▶ _Assigned task_
Pictures must not appear in the copy. Restate exactly the lines below from the one with "Cactuses Growing In Desert" through the one with "Картинки алкогольные, самые", inclusive.

▶ _Records provided_
--- START ---

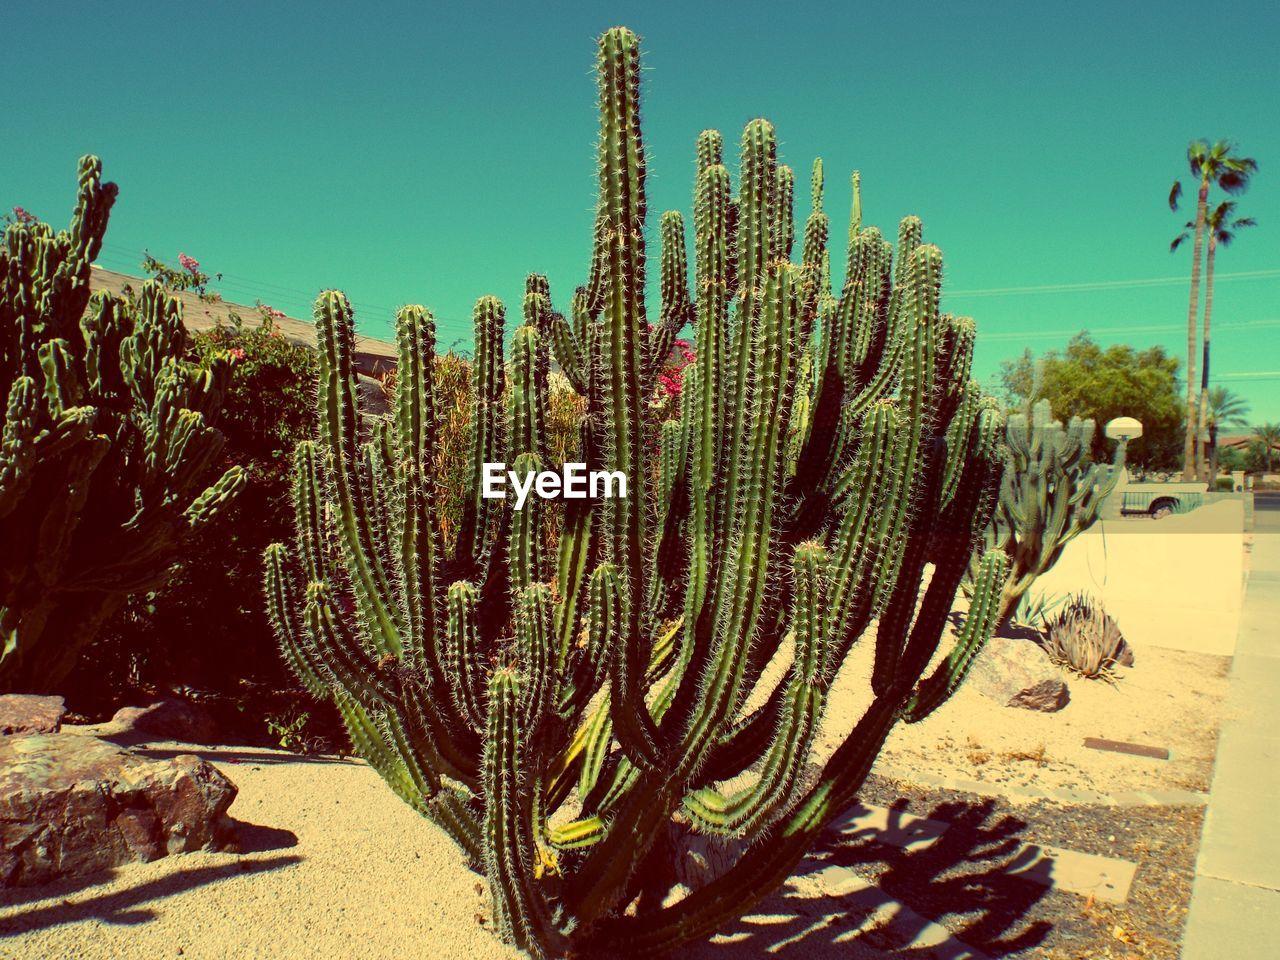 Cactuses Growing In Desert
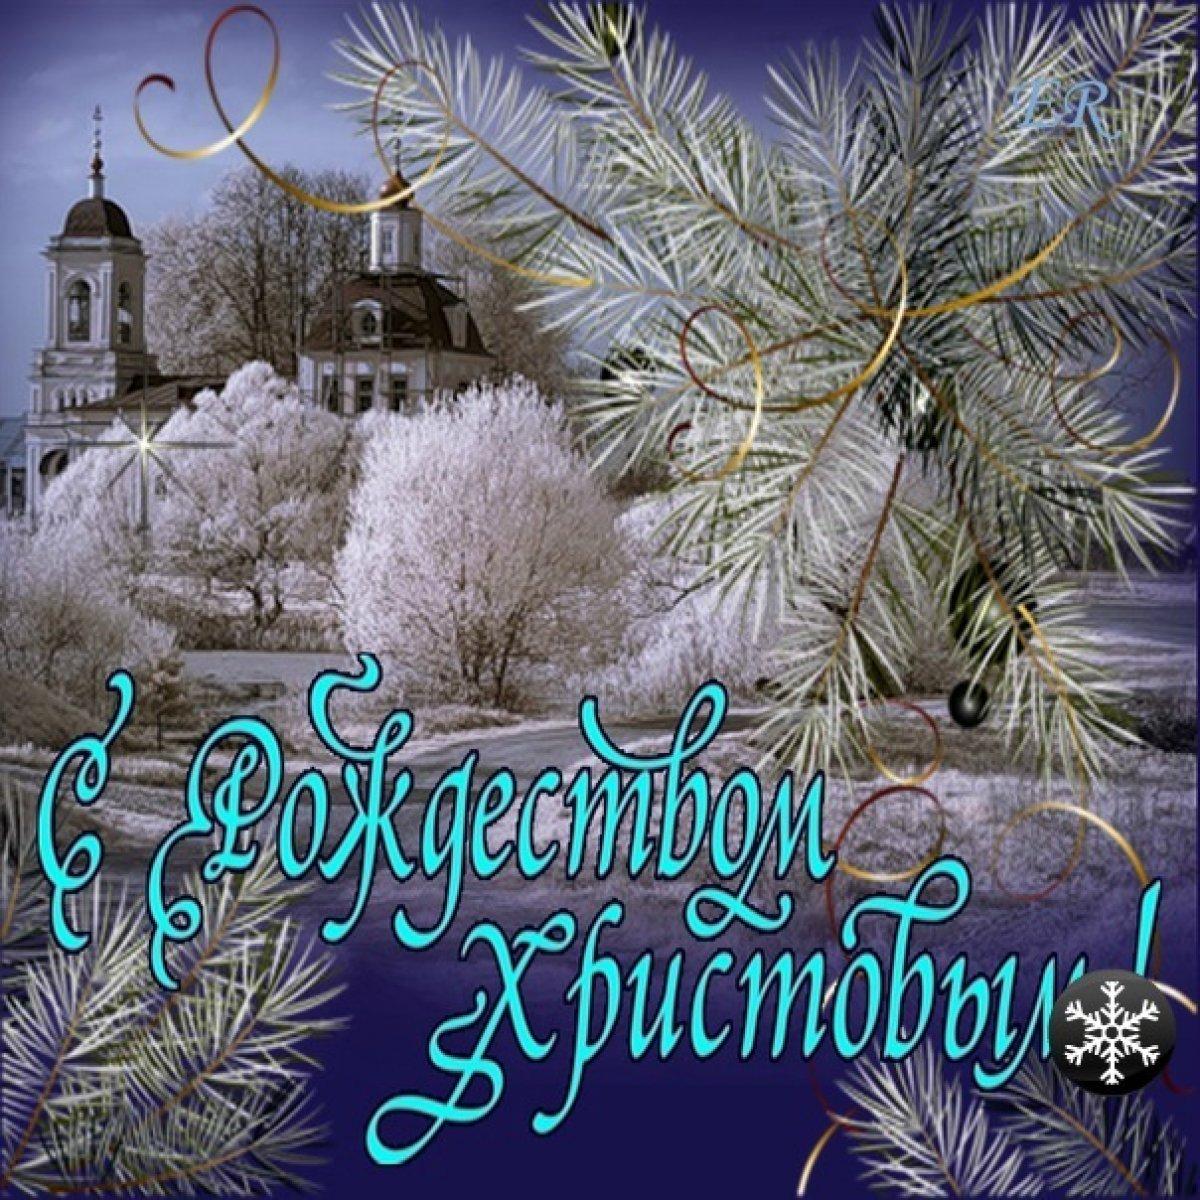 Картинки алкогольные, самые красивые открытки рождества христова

--- END ---
--- START ---

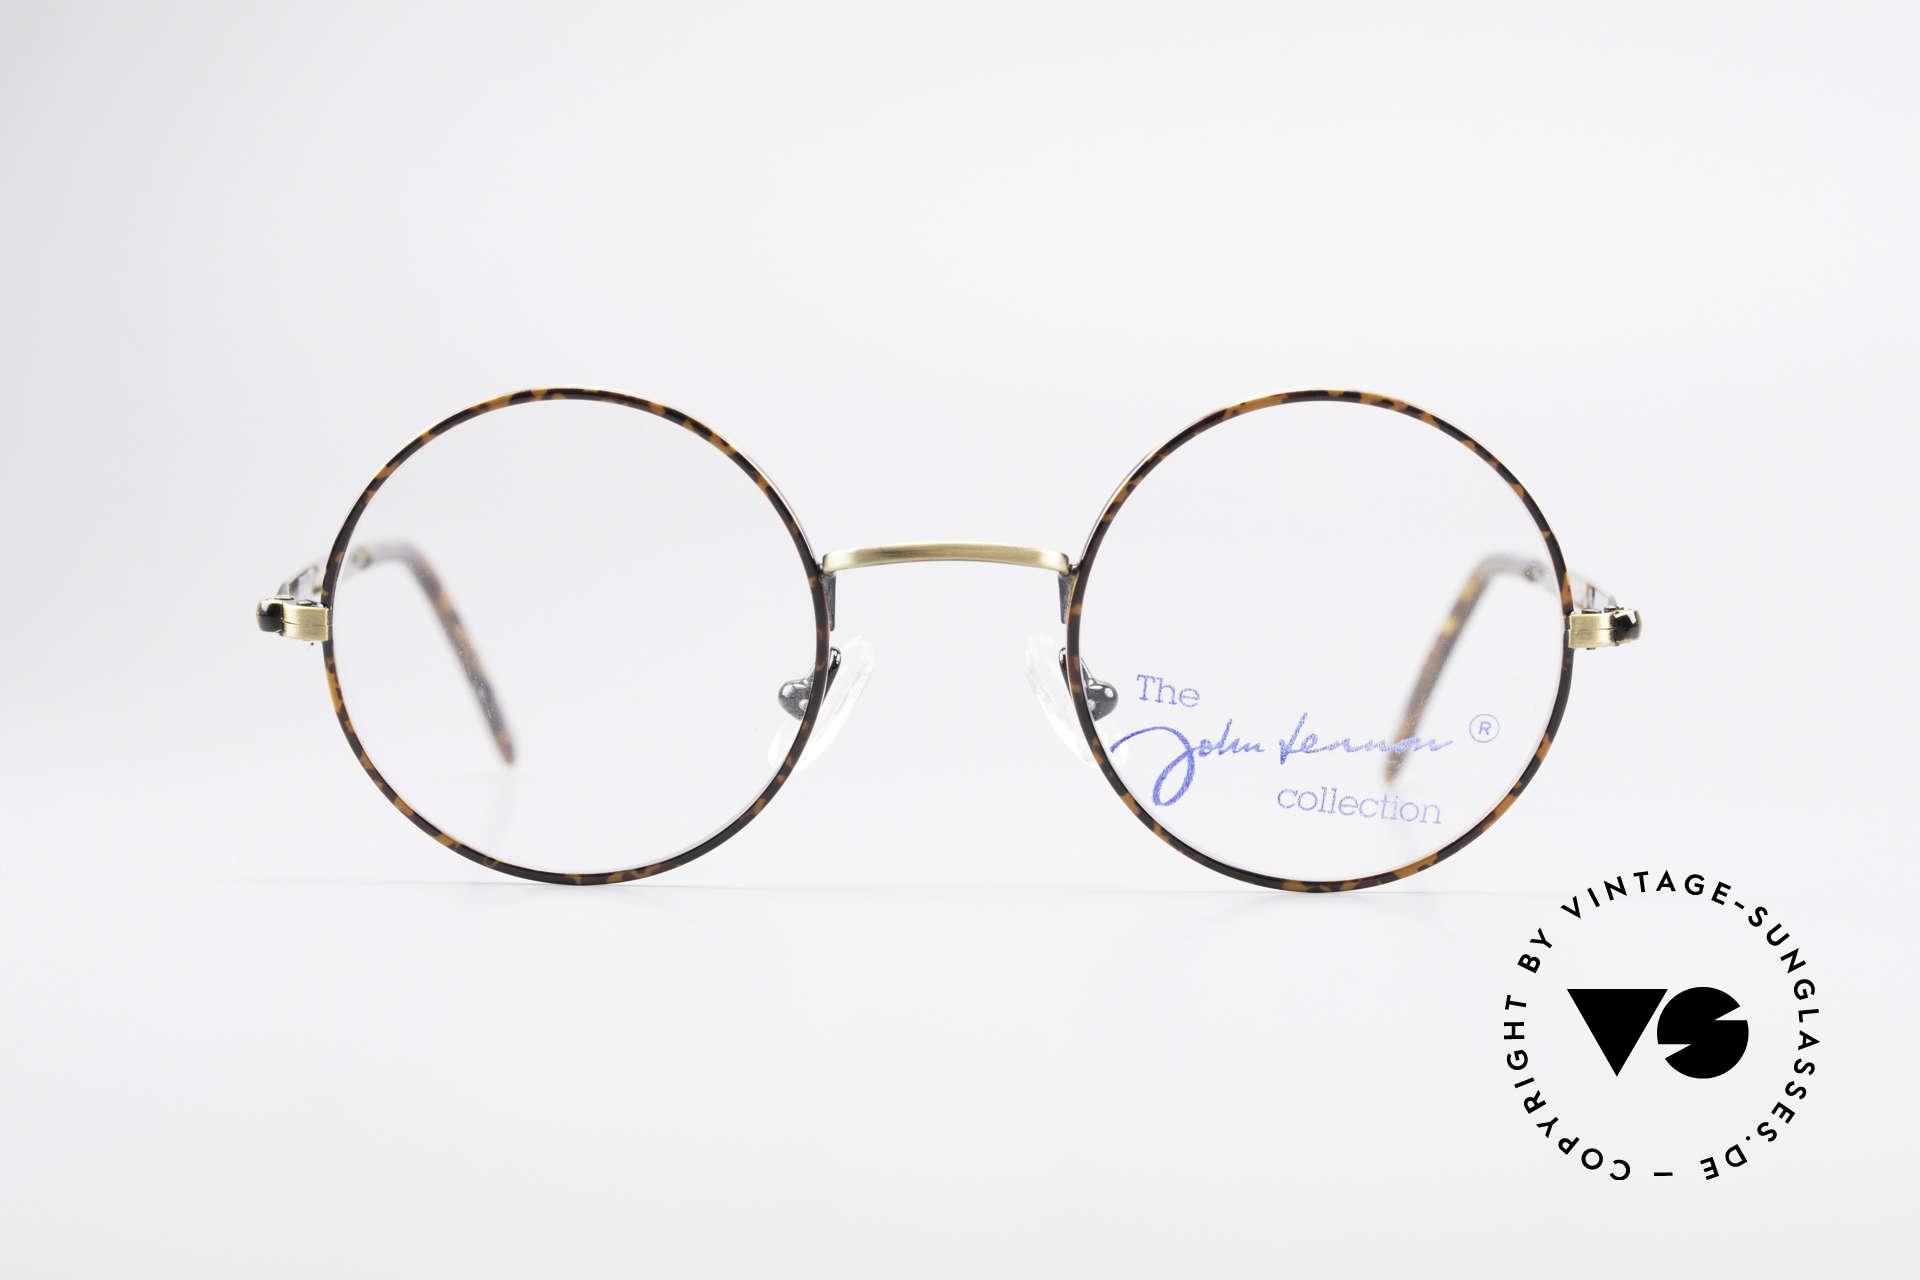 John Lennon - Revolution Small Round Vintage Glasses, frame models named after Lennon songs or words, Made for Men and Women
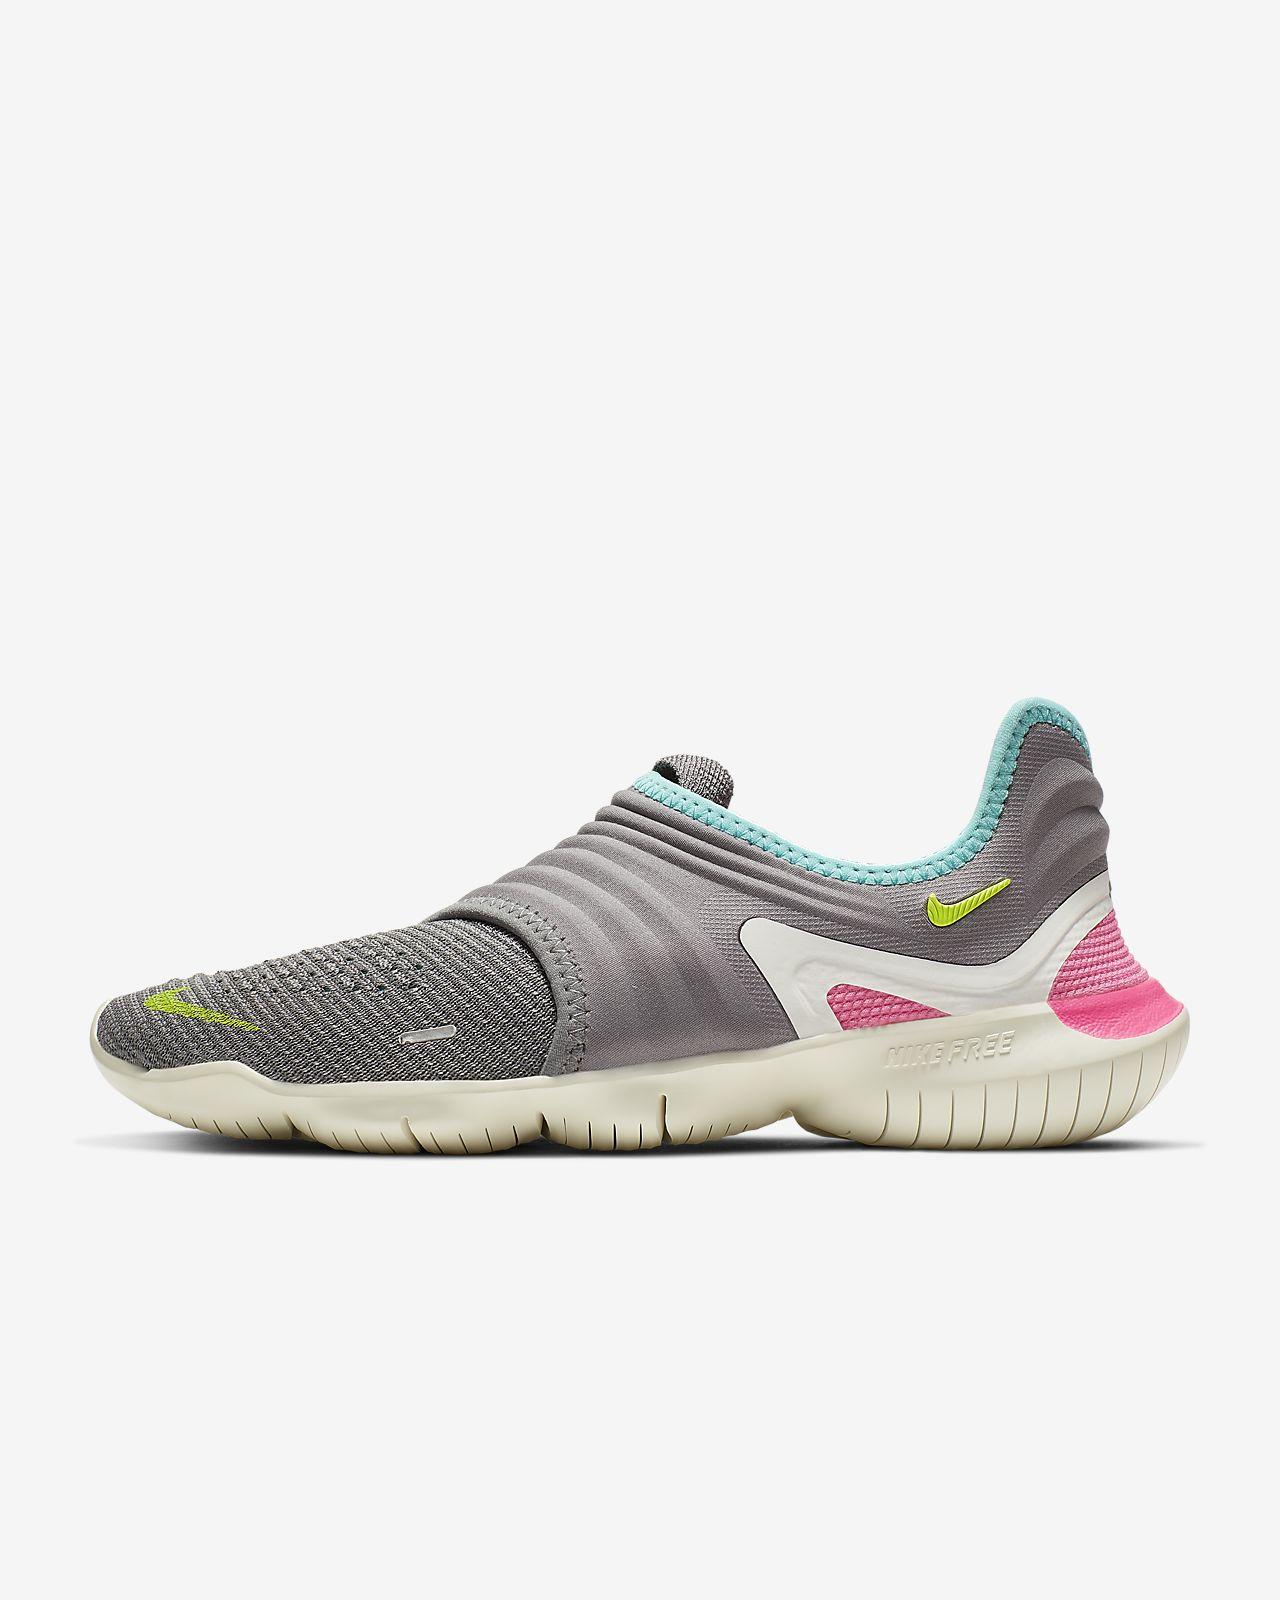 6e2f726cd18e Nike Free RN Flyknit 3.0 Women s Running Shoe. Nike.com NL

--- END ---
--- START ---

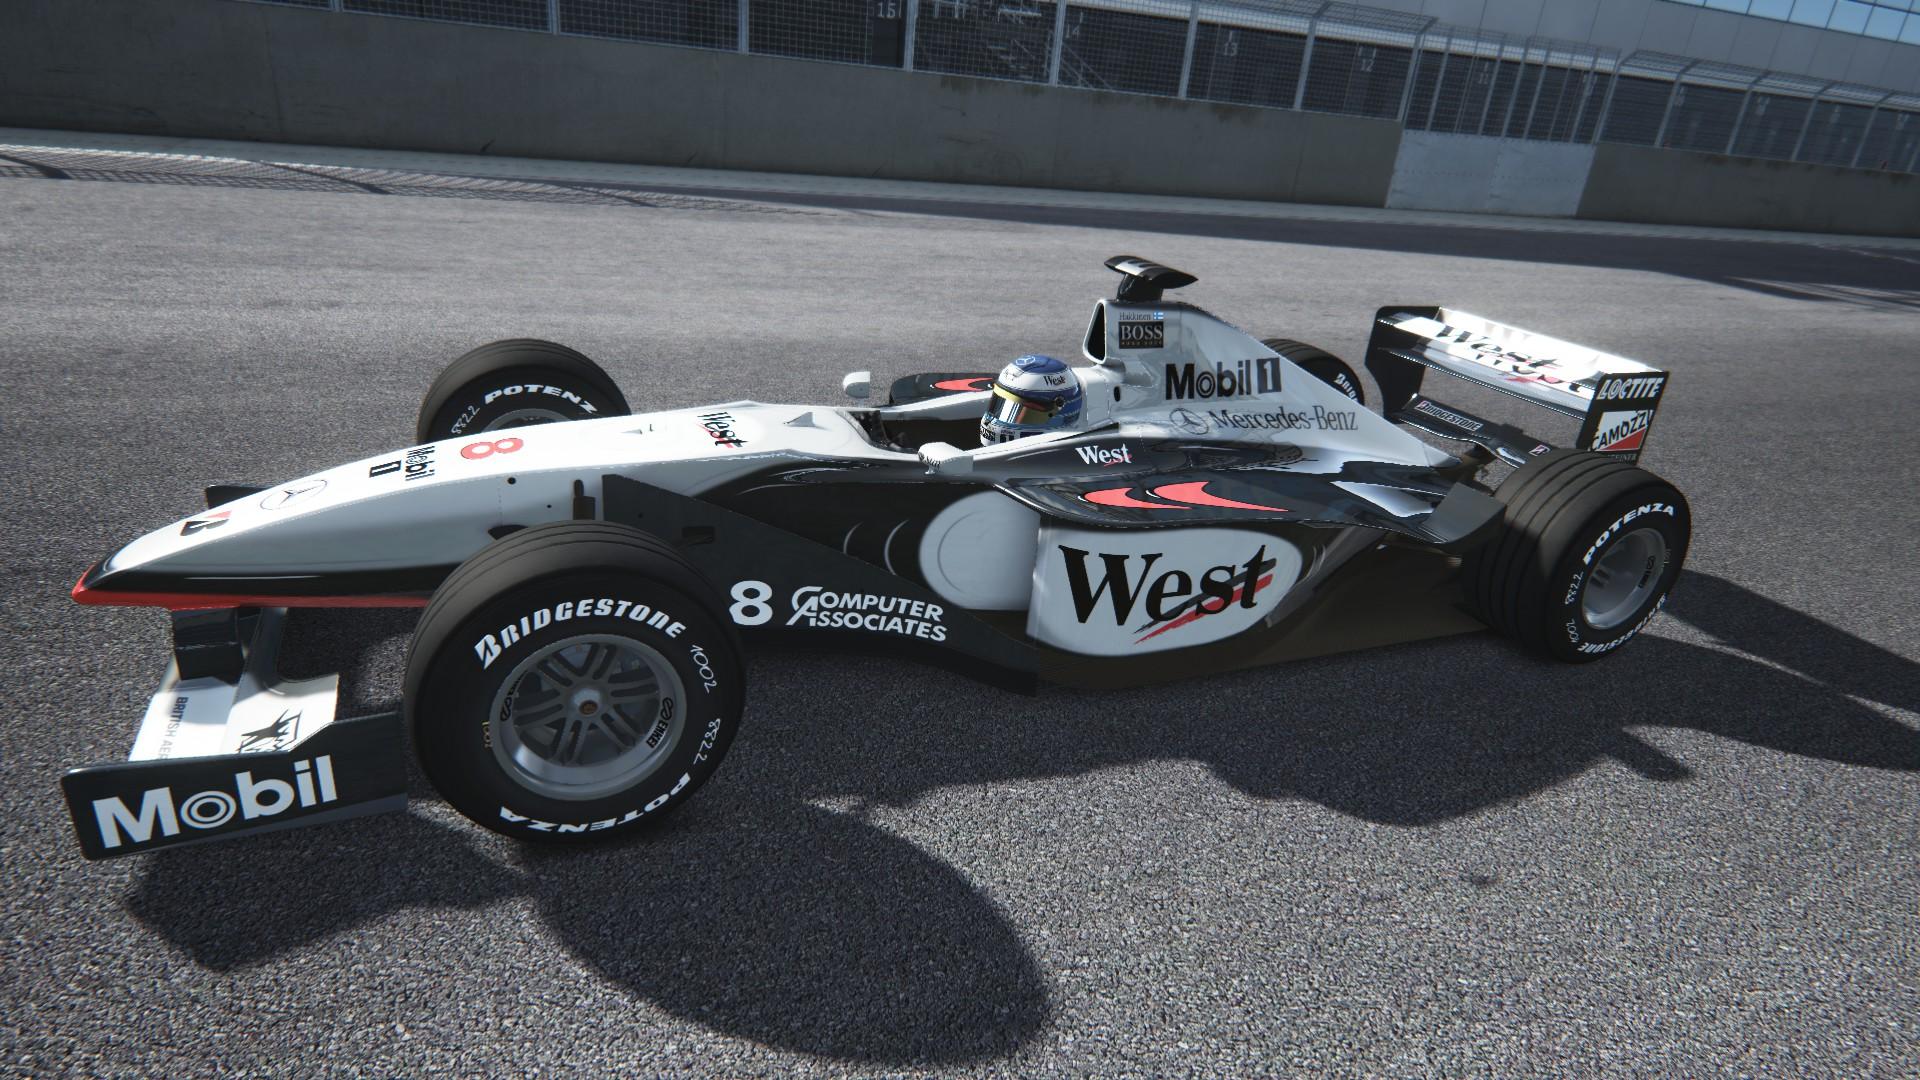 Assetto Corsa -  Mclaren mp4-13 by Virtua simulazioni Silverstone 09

--- END ---

▶ _Completed exercise_
 Cactuses Growing In Desert
 Картинки алкогольные, самые красивые открытки рождества христова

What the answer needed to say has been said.